**Source data:**
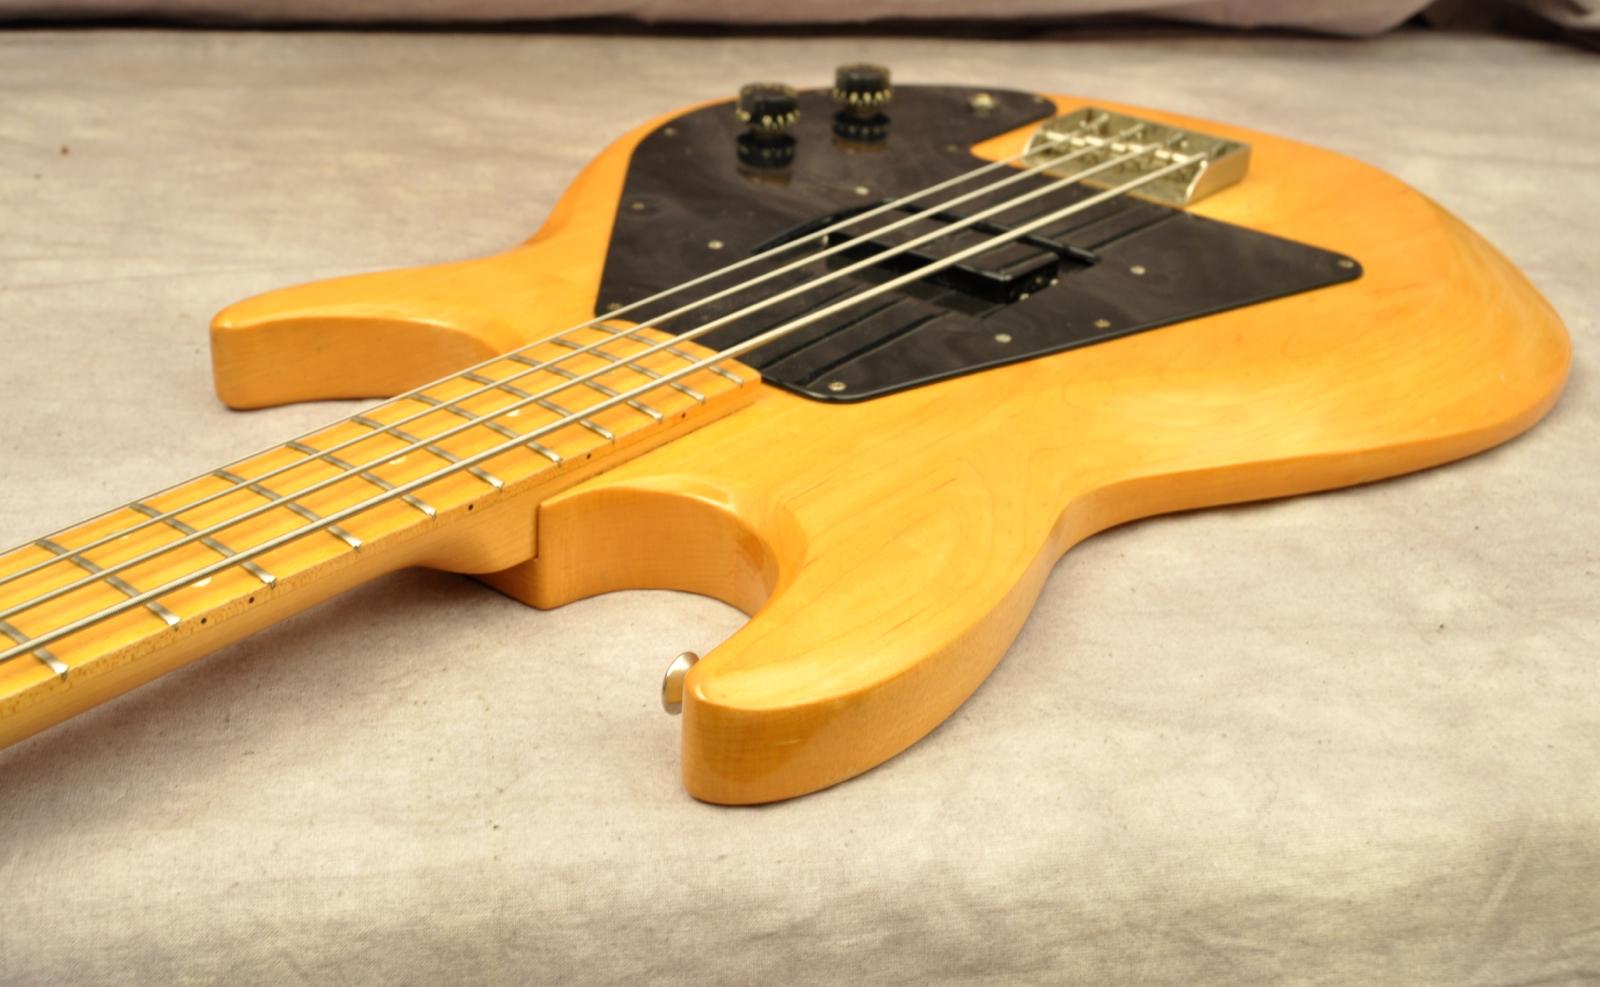 gibson grabber 1979 natural bass for sale andy baxter bass guitars ltd. Black Bedroom Furniture Sets. Home Design Ideas
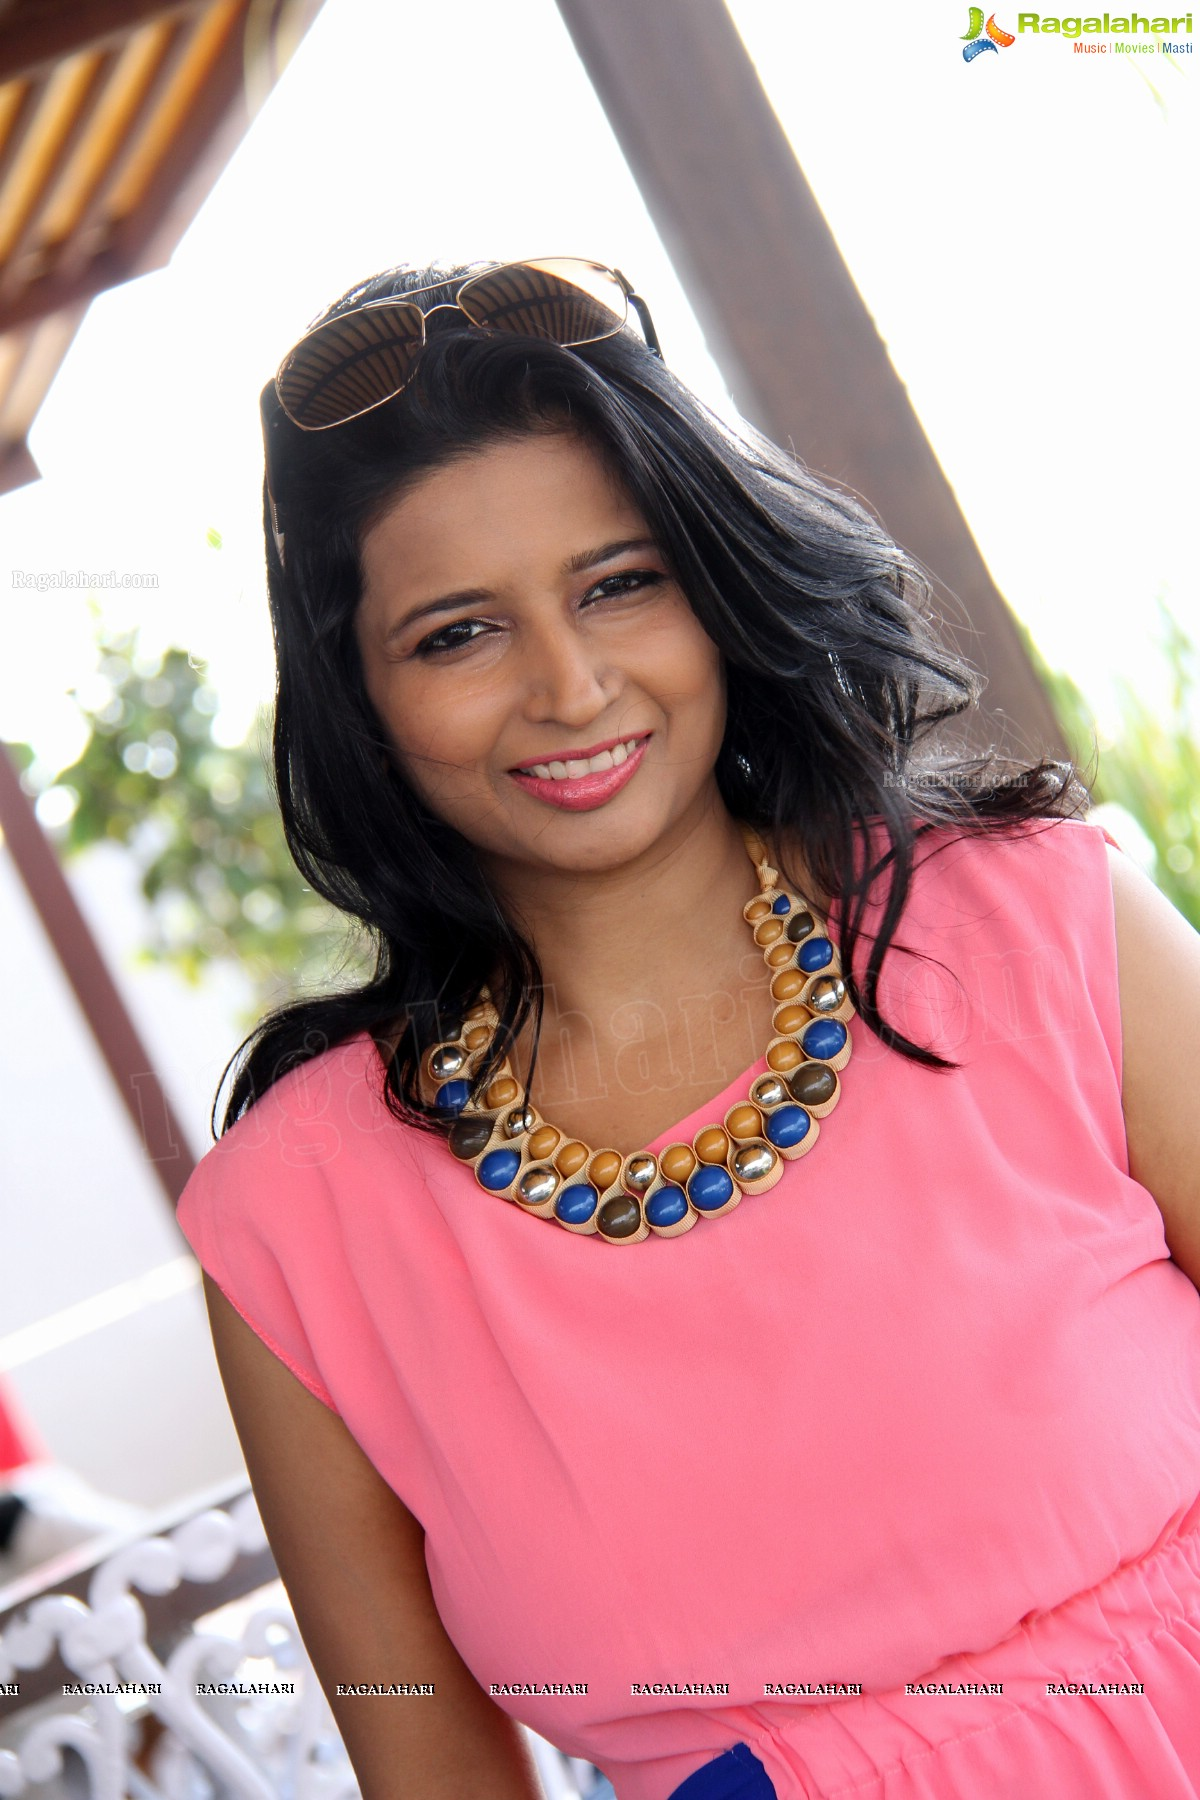 Sarita lohiya 39 s beauty with brains event hyderabad - Miton cucine forum ...
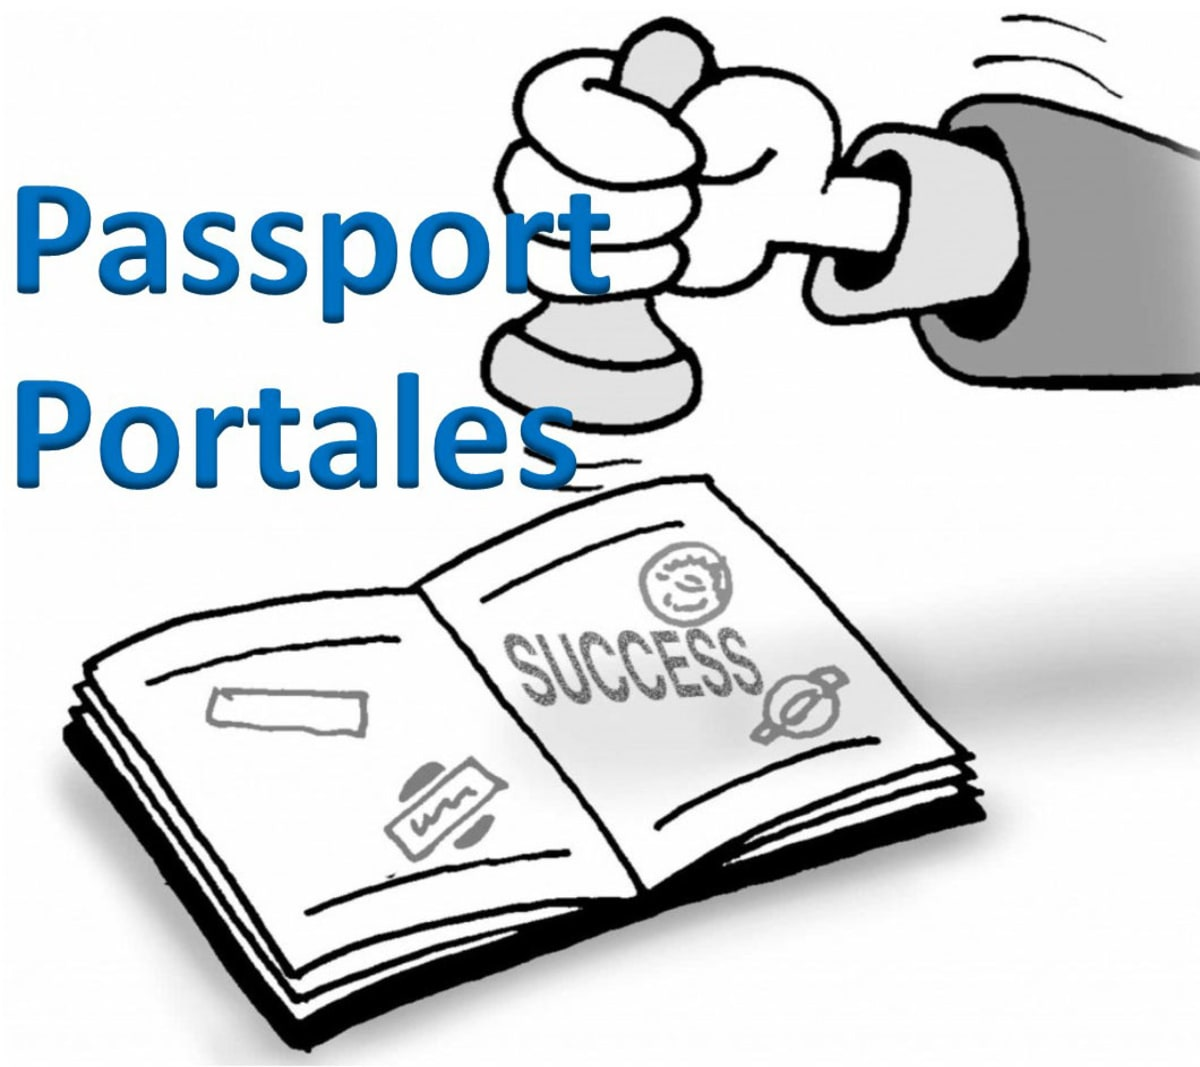 Passport-logo-w1200.jpg

**Assigned task:** An exact copy of every line above, minus the pictures, is the required output.

**Task answer:**
 gibson grabber 1979 natural bass for sale andy baxter bass guitars ltd. Black Bedroom Furniture Sets. Home Design Ideas
 Sarita lohiya 39 s beauty with brains event hyderabad - Miton cucine forum ...
 Passport-logo-w1200.jpg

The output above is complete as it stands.